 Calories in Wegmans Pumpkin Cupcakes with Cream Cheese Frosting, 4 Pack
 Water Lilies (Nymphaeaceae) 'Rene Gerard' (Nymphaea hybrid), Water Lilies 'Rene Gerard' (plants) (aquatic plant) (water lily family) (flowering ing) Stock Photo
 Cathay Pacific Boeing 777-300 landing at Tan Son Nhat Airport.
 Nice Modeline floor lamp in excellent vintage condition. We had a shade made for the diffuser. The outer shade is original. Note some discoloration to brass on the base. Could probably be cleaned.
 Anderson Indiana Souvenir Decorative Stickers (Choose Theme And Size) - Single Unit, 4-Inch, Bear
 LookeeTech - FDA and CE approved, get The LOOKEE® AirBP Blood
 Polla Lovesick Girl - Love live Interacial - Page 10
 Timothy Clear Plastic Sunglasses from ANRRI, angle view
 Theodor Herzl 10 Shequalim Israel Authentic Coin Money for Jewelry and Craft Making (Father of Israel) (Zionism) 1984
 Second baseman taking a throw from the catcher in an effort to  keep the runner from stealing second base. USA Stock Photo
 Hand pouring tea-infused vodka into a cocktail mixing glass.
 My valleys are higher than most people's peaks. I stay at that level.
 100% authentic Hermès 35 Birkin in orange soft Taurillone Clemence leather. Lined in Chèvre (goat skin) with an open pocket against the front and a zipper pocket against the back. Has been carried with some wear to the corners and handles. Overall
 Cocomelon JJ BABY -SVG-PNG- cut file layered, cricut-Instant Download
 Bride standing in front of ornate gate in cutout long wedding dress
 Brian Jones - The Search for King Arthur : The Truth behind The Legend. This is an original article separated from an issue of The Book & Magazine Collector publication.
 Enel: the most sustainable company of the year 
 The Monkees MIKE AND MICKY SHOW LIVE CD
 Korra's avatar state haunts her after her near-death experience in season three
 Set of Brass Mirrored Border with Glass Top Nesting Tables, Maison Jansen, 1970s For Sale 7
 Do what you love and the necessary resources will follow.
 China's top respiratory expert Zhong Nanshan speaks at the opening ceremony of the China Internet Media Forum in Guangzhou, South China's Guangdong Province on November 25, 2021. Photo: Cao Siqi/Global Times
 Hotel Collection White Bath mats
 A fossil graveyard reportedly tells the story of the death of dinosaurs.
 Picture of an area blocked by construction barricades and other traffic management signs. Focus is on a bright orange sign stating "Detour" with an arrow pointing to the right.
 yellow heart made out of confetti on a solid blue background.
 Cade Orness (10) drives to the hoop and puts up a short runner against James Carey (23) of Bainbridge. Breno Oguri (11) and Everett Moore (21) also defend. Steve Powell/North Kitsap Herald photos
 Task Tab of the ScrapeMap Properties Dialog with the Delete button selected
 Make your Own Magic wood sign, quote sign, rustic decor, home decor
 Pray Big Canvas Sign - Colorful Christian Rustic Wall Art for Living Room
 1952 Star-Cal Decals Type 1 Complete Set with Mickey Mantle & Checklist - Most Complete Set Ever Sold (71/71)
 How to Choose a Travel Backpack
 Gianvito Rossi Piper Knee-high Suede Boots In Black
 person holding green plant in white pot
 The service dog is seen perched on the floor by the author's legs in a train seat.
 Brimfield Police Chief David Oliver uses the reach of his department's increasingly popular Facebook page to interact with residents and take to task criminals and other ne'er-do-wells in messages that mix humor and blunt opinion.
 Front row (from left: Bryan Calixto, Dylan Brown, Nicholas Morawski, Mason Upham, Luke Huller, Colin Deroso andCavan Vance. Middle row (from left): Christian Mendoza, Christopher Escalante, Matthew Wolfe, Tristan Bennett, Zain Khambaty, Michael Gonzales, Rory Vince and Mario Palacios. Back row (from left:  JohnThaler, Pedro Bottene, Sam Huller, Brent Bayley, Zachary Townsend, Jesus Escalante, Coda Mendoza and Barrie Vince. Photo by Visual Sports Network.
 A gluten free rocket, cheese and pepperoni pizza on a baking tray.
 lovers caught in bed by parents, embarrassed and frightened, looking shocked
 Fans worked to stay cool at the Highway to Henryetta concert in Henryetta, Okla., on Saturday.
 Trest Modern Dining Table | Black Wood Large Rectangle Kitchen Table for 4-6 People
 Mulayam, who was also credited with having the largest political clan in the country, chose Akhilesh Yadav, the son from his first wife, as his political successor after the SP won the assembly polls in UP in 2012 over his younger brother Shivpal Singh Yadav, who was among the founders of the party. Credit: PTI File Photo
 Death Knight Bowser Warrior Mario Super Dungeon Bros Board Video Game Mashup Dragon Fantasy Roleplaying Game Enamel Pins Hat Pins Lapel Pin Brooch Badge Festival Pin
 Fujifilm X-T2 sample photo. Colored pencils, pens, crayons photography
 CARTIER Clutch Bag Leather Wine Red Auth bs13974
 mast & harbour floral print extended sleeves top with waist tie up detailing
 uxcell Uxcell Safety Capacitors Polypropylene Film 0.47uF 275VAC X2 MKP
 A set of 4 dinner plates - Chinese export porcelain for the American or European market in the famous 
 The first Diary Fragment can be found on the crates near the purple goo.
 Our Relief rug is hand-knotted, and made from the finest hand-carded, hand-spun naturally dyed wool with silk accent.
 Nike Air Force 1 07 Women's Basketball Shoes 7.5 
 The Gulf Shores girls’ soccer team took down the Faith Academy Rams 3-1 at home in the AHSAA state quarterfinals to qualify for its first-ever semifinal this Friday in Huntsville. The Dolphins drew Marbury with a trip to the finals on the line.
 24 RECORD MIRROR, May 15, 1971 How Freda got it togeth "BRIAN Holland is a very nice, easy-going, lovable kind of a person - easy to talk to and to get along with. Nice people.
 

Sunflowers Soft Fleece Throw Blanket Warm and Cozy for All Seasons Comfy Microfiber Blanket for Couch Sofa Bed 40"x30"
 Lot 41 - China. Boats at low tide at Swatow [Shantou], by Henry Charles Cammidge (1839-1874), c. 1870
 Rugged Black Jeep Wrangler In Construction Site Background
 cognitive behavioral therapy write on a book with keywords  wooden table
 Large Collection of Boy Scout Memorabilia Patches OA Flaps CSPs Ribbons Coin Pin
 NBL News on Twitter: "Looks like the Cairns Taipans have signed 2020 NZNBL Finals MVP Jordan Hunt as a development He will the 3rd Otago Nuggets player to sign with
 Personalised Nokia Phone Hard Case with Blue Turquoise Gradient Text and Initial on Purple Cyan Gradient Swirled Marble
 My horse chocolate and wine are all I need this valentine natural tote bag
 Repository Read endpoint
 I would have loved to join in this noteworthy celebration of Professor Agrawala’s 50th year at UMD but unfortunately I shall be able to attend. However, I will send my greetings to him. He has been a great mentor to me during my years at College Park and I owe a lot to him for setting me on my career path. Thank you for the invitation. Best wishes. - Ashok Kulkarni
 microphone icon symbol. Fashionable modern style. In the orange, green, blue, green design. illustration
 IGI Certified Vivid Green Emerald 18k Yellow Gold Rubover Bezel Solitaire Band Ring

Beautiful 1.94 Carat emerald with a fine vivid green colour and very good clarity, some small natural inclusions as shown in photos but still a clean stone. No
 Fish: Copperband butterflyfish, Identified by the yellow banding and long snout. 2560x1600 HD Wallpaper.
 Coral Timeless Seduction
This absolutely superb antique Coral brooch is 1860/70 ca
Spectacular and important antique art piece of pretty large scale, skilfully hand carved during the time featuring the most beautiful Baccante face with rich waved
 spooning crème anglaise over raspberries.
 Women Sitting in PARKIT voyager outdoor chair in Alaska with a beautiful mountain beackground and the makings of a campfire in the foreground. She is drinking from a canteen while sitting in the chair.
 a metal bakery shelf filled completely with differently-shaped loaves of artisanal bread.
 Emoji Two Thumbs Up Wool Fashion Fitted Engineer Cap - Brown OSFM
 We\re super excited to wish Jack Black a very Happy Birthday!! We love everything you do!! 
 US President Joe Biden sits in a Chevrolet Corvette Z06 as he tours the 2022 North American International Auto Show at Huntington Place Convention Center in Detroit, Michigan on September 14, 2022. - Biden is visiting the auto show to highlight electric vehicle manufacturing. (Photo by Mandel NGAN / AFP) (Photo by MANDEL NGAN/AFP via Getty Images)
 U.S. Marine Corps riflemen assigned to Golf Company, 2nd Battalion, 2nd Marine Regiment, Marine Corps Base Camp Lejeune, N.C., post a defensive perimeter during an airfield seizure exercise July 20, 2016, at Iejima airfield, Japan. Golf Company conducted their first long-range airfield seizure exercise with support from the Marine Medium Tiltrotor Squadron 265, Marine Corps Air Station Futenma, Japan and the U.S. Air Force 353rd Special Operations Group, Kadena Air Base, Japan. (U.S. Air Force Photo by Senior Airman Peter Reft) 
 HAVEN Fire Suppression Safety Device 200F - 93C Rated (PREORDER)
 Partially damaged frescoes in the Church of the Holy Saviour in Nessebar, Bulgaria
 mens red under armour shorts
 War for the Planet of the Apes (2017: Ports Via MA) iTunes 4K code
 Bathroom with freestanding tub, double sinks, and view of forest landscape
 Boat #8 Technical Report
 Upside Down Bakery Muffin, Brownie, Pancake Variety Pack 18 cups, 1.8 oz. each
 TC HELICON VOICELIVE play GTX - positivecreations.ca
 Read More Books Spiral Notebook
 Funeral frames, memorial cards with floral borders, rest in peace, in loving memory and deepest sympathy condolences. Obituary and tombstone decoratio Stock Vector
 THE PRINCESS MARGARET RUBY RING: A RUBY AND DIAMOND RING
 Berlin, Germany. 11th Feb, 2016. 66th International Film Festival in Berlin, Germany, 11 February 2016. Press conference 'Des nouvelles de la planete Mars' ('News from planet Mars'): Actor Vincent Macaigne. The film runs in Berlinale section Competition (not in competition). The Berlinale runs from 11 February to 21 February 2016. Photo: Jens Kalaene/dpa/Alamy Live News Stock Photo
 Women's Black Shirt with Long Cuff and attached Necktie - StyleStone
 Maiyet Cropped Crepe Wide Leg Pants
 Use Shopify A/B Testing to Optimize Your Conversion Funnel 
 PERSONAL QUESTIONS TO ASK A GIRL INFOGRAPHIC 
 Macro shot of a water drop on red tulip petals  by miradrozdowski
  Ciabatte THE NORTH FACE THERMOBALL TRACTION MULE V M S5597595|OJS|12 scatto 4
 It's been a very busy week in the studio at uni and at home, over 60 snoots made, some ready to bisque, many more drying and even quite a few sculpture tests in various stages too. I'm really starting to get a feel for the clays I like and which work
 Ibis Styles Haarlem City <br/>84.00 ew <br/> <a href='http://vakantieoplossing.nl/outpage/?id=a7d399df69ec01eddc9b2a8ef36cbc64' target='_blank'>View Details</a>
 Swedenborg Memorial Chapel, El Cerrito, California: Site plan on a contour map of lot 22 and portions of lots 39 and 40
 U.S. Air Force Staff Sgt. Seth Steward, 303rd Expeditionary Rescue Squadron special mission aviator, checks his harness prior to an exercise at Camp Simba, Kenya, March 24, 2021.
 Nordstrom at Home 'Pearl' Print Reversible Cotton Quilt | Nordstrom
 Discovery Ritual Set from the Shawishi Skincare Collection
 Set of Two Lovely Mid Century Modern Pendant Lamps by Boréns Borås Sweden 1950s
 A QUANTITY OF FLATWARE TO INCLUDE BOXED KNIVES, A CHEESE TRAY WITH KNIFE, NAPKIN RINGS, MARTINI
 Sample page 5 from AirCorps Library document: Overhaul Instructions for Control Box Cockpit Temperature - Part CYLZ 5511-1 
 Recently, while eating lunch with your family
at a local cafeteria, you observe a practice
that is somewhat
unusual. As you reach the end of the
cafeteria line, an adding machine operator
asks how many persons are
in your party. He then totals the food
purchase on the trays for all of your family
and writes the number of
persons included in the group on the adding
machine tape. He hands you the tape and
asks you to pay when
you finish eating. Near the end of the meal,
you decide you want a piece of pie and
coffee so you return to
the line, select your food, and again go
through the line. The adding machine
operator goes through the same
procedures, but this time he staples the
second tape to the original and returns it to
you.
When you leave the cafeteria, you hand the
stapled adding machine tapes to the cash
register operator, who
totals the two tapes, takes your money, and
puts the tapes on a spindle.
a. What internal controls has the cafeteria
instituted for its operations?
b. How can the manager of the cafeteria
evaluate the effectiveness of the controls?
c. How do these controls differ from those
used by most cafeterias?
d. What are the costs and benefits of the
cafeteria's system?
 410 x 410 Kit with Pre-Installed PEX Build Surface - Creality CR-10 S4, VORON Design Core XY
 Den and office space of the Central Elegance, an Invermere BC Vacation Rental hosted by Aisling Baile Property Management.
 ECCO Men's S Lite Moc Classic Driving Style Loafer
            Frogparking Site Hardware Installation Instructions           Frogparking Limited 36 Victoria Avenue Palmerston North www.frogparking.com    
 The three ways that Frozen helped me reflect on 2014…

——————

**WORK REQUEST:** Using only the listing above, restate exactly the lines from the line containing "War for the" through the line containing "U.S. Air Force Staff", both included.

**EXPECTED ANSWER:**
 War for the Planet of the Apes (2017: Ports Via MA) iTunes 4K code
 Bathroom with freestanding tub, double sinks, and view of forest landscape
 Boat #8 Technical Report
 Upside Down Bakery Muffin, Brownie, Pancake Variety Pack 18 cups, 1.8 oz. each
 TC HELICON VOICELIVE play GTX - positivecreations.ca
 Read More Books Spiral Notebook
 Funeral frames, memorial cards with floral borders, rest in peace, in loving memory and deepest sympathy condolences. Obituary and tombstone decoratio Stock Vector
 THE PRINCESS MARGARET RUBY RING: A RUBY AND DIAMOND RING
 Berlin, Germany. 11th Feb, 2016. 66th International Film Festival in Berlin, Germany, 11 February 2016. Press conference 'Des nouvelles de la planete Mars' ('News from planet Mars'): Actor Vincent Macaigne. The film runs in Berlinale section Competition (not in competition). The Berlinale runs from 11 February to 21 February 2016. Photo: Jens Kalaene/dpa/Alamy Live News Stock Photo
 Women's Black Shirt with Long Cuff and attached Necktie - StyleStone
 Maiyet Cropped Crepe Wide Leg Pants
 Use Shopify A/B Testing to Optimize Your Conversion Funnel 
 PERSONAL QUESTIONS TO ASK A GIRL INFOGRAPHIC 
 Macro shot of a water drop on red tulip petals  by miradrozdowski
  Ciabatte THE NORTH FACE THERMOBALL TRACTION MULE V M S5597595|OJS|12 scatto 4
 It's been a very busy week in the studio at uni and at home, over 60 snoots made, some ready to bisque, many more drying and even quite a few sculpture tests in various stages too. I'm really starting to get a feel for the clays I like and which work
 Ibis Styles Haarlem City <br/>84.00 ew <br/> <a href='http://vakantieoplossing.nl/outpage/?id=a7d399df69ec01eddc9b2a8ef36cbc64' target='_blank'>View Details</a>
 Swedenborg Memorial Chapel, El Cerrito, California: Site plan on a contour map of lot 22 and portions of lots 39 and 40
 U.S. Air Force Staff Sgt. Seth Steward, 303rd Expeditionary Rescue Squadron special mission aviator, checks his harness prior to an exercise at Camp Simba, Kenya, March 24, 2021.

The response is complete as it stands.